▼
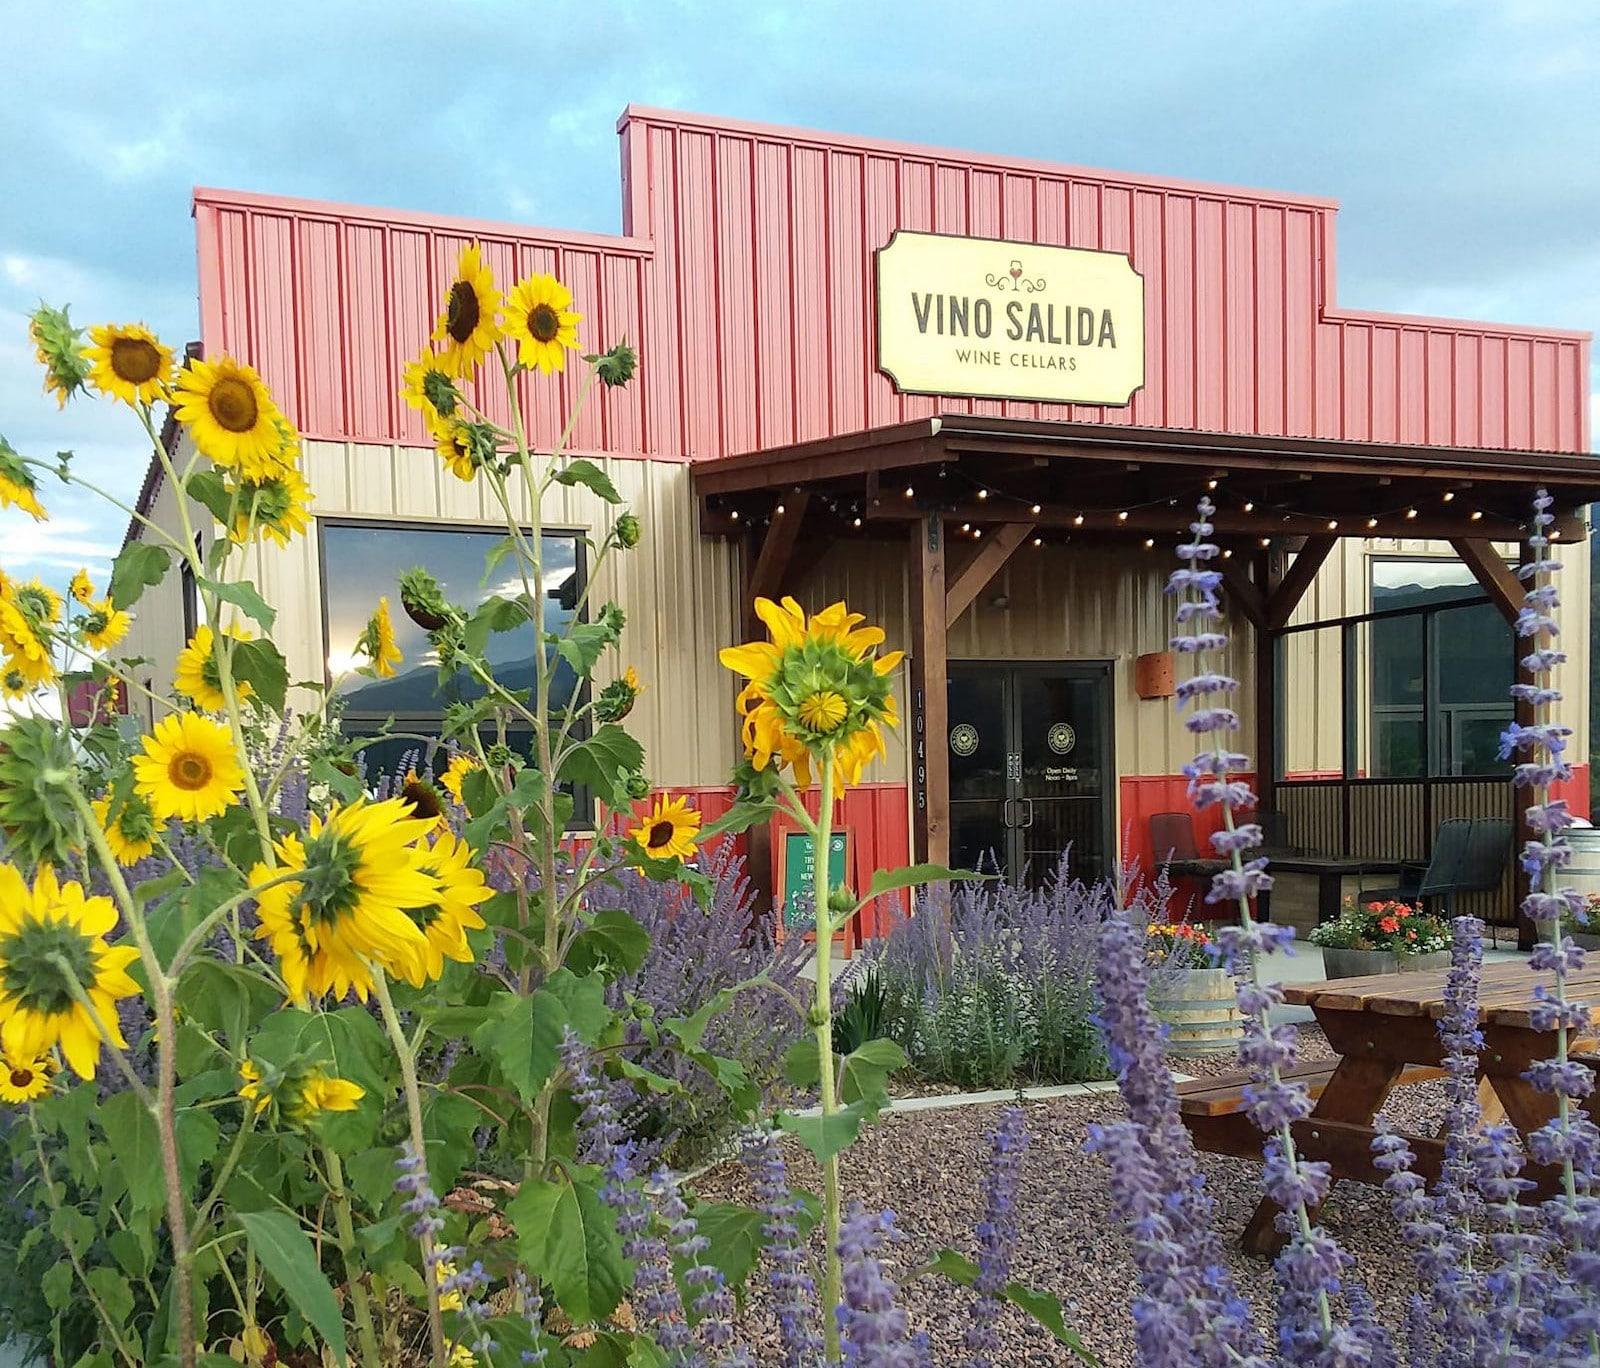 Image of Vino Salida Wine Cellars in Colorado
▲
▼
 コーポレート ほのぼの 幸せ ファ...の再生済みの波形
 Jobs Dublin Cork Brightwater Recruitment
▲
▼
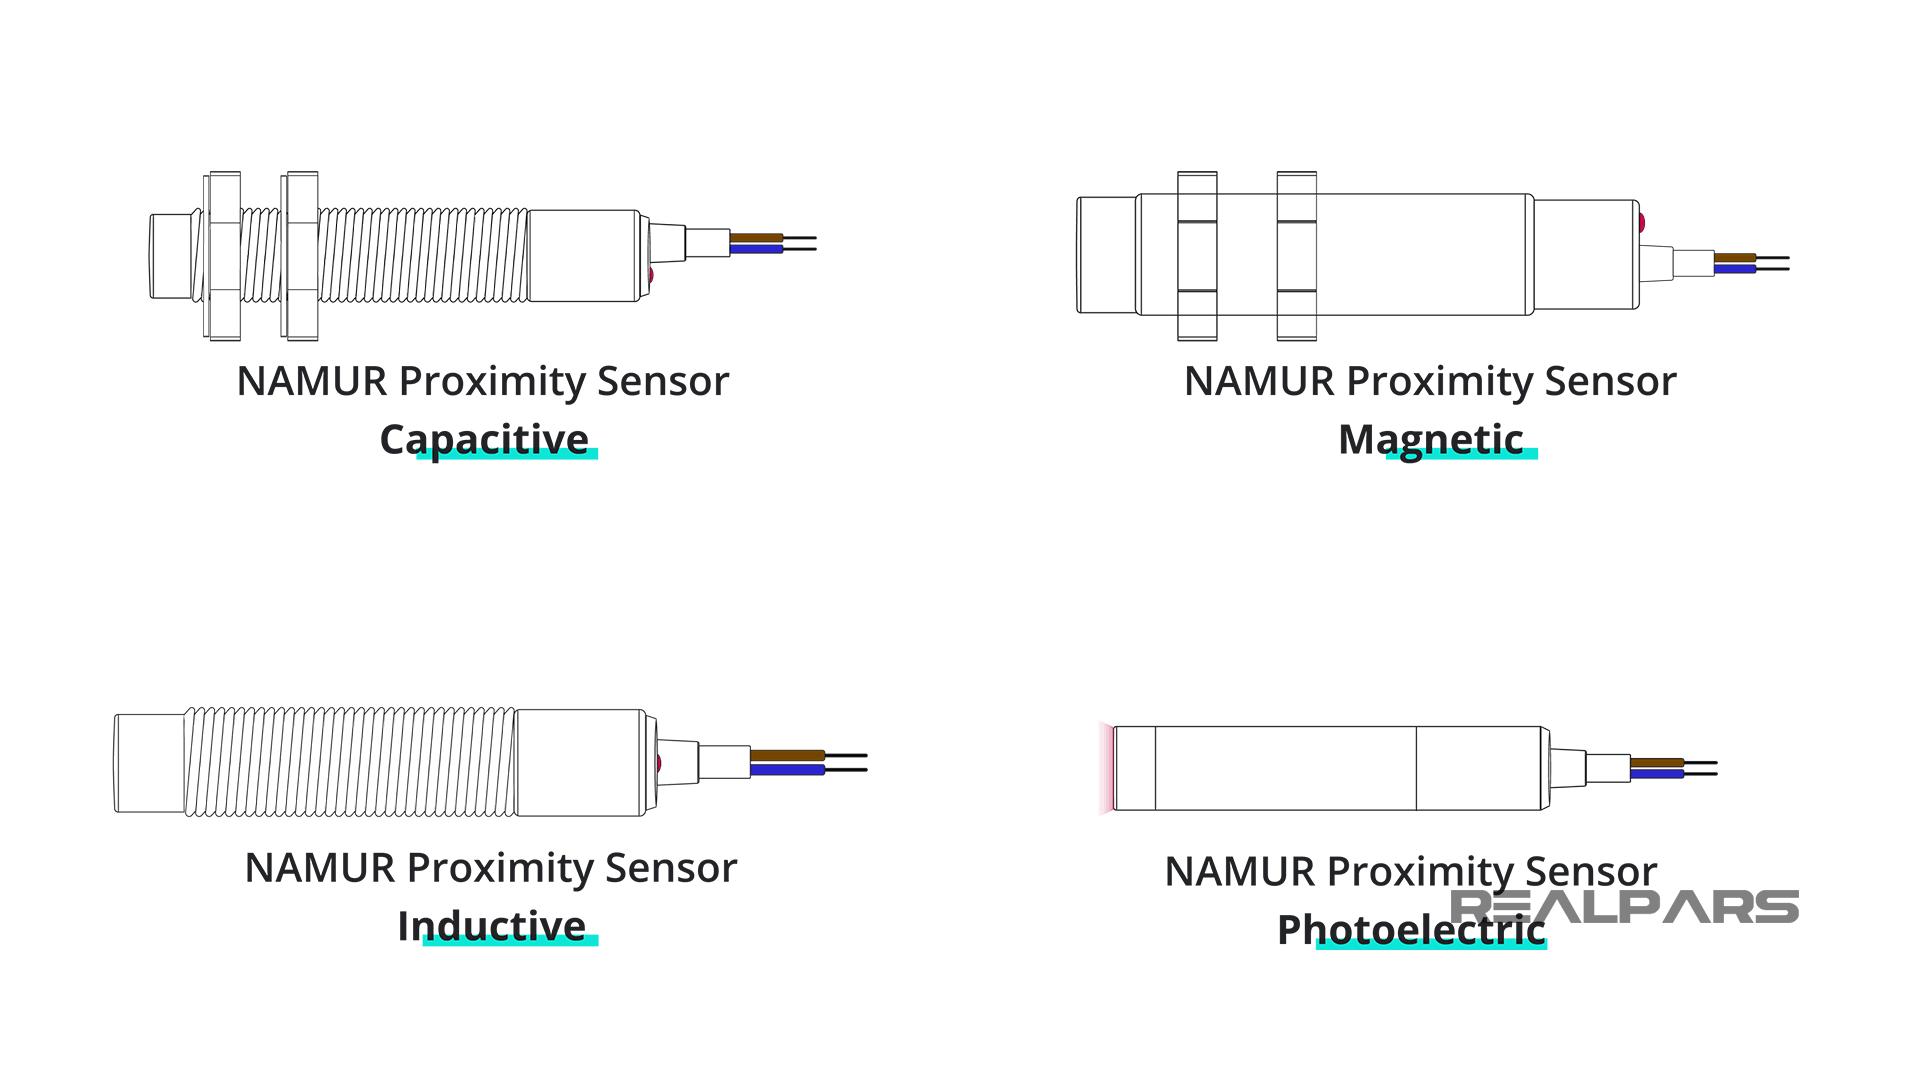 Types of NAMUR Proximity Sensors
▲
▸ What to work on
Your answer should consist only of the lines above between the line holding "コーポレート ほのぼの 幸せ ファ...の再生済みの波形" and the line holding "Jobs Dublin Cork Brightwater Recruitment", inclusive, each transcribed exactly.

▸ Task answer
 コーポレート ほのぼの 幸せ ファ...の再生済みの波形
 Jobs Dublin Cork Brightwater Recruitment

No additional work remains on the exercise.